Redefining cancer photodynamic therapy with gold nanoparticles.

Abstract

Despite advancements made in treatment options, cancer continues to be one of the leading causes of death worldwide. Photodynamic therapy (PDT) has gained attention as a minimally invasive and highly selective treatment option for cancer. However, challenges due to the hydrophobicity of photosensitizers and their poor tumor selectivity have limited their use in cancer therapy. Recent developments in nanotechnology, particularly the use of gold nanoparticles (AuNPs), help overcome these challenges. AuNPs provide a stable and biocompatible platform to deliver photosensitizers, improving their solubility, stability, and ability to target tumors while reducing side effects. Functionalized AuNPs take advantage of mechanisms like the enhanced permeability and retention (EPR) effect and active targeting, improving reactive oxygen species (ROS) production and overall therapeutic efficacy.

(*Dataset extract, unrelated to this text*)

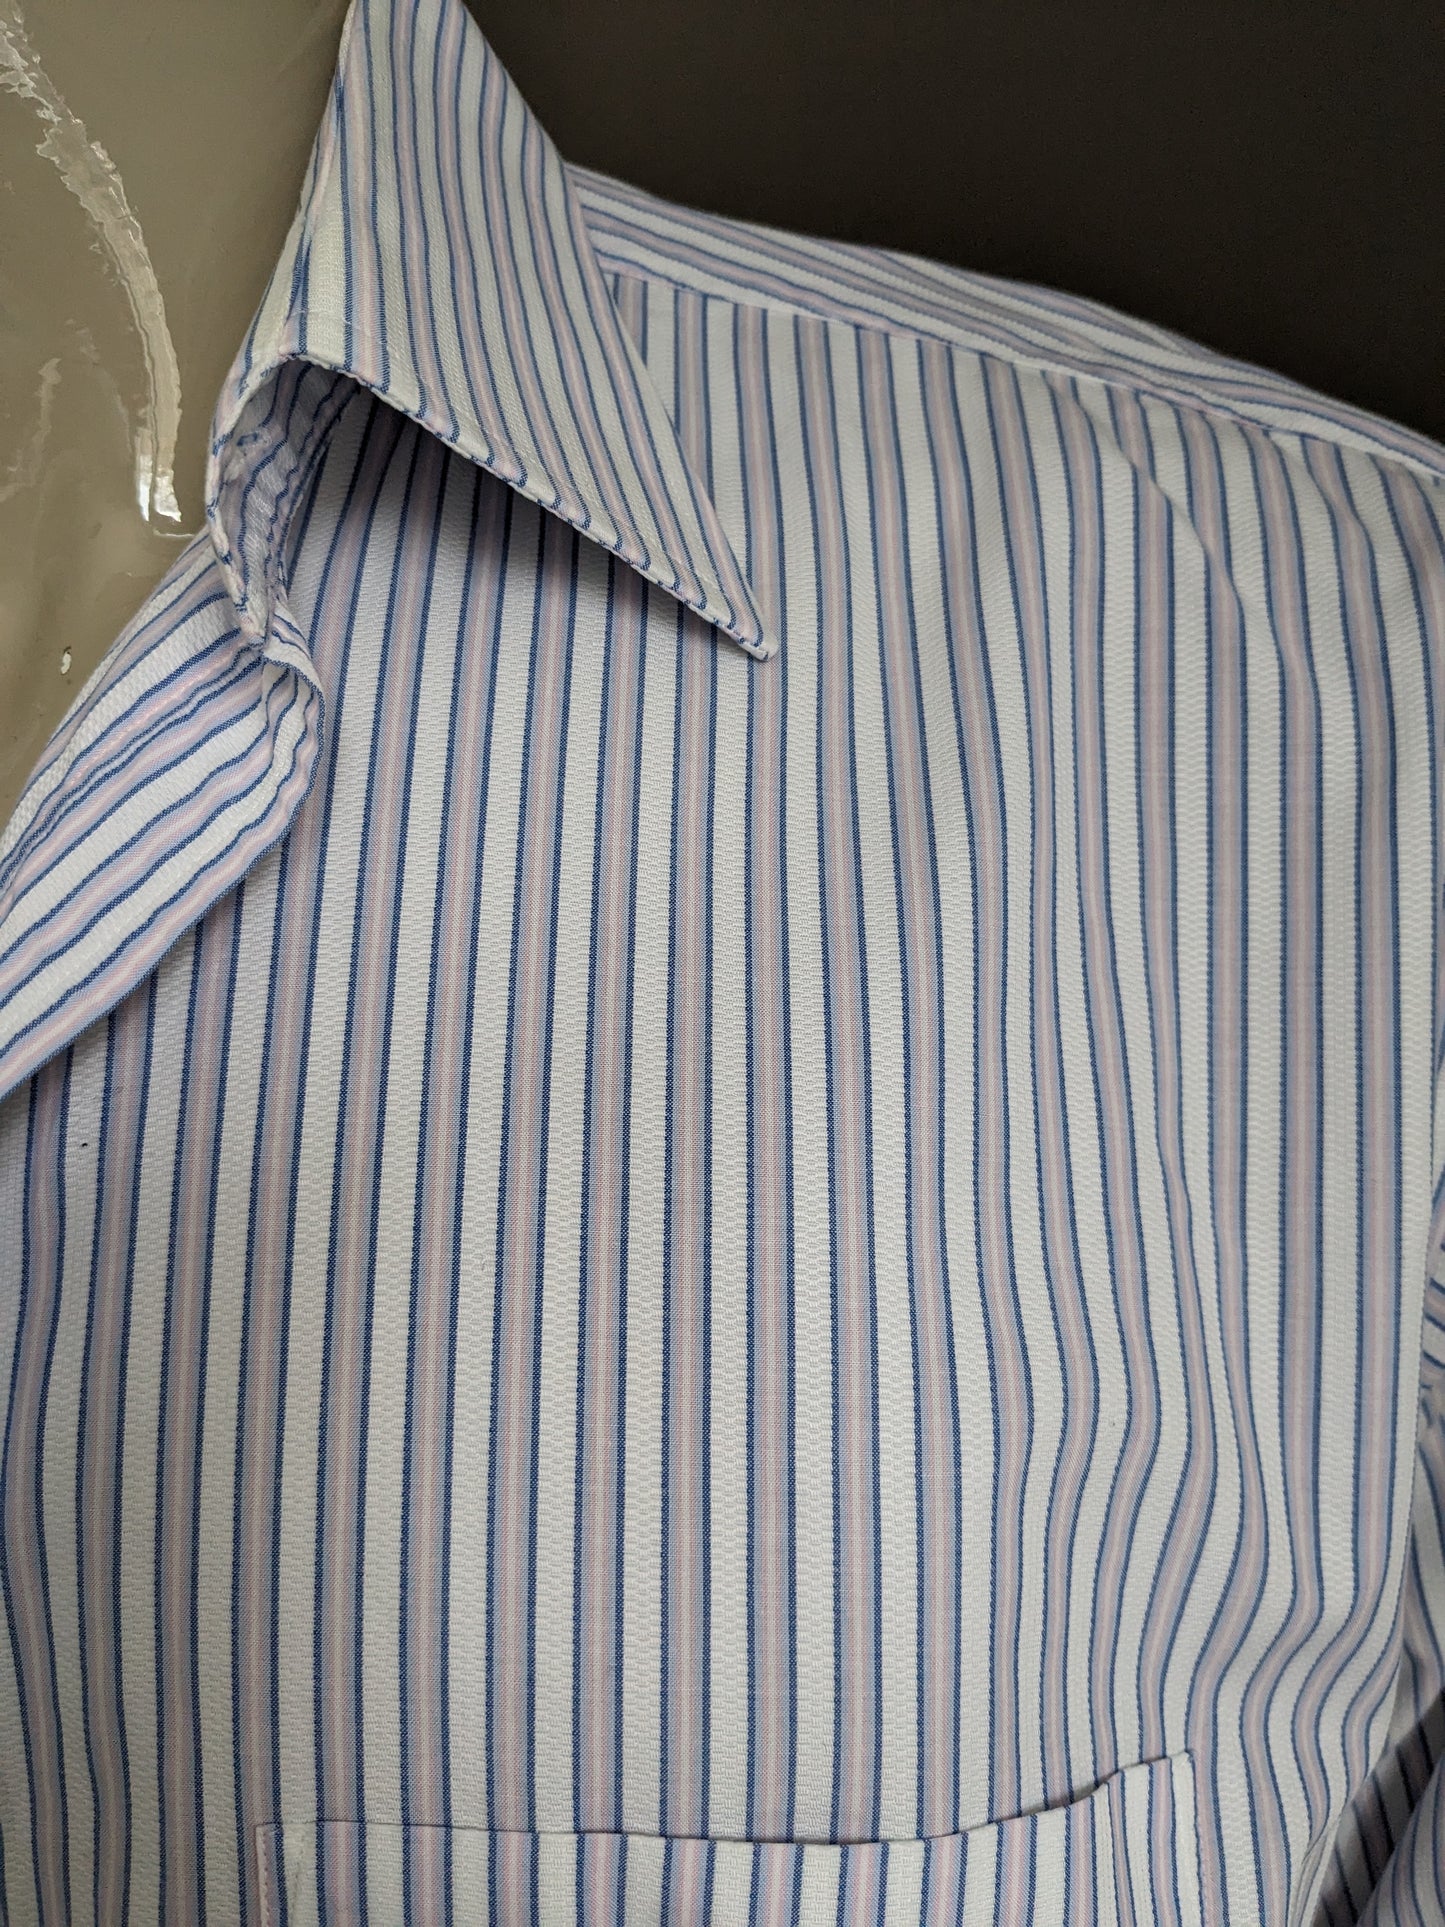 Vintage Arrow overhemd. Blauw Roze Wit gestreept. Maat XL.

This review explores innovations in AuNP-based PDT systems, including ligand-functionalized nanoparticles, bioresponsive coatings, and theranostic approaches that combine imaging with therapy. By delving into important aspects of synthesis, characterization, and functionalization, we show how AuNPs improve the delivery and performance of photosensitizers. For instance, systems functionalized with prostate-specific membrane antigen (PSMA) have shown increased therapeutic precision and efficacy in vivo. These advancements are paving the way for more targeted and safer cancer treatments, establishing AuNP-based PDT as a promising approach for developing highly effective oncological therapies with greater precision and fewer side effects.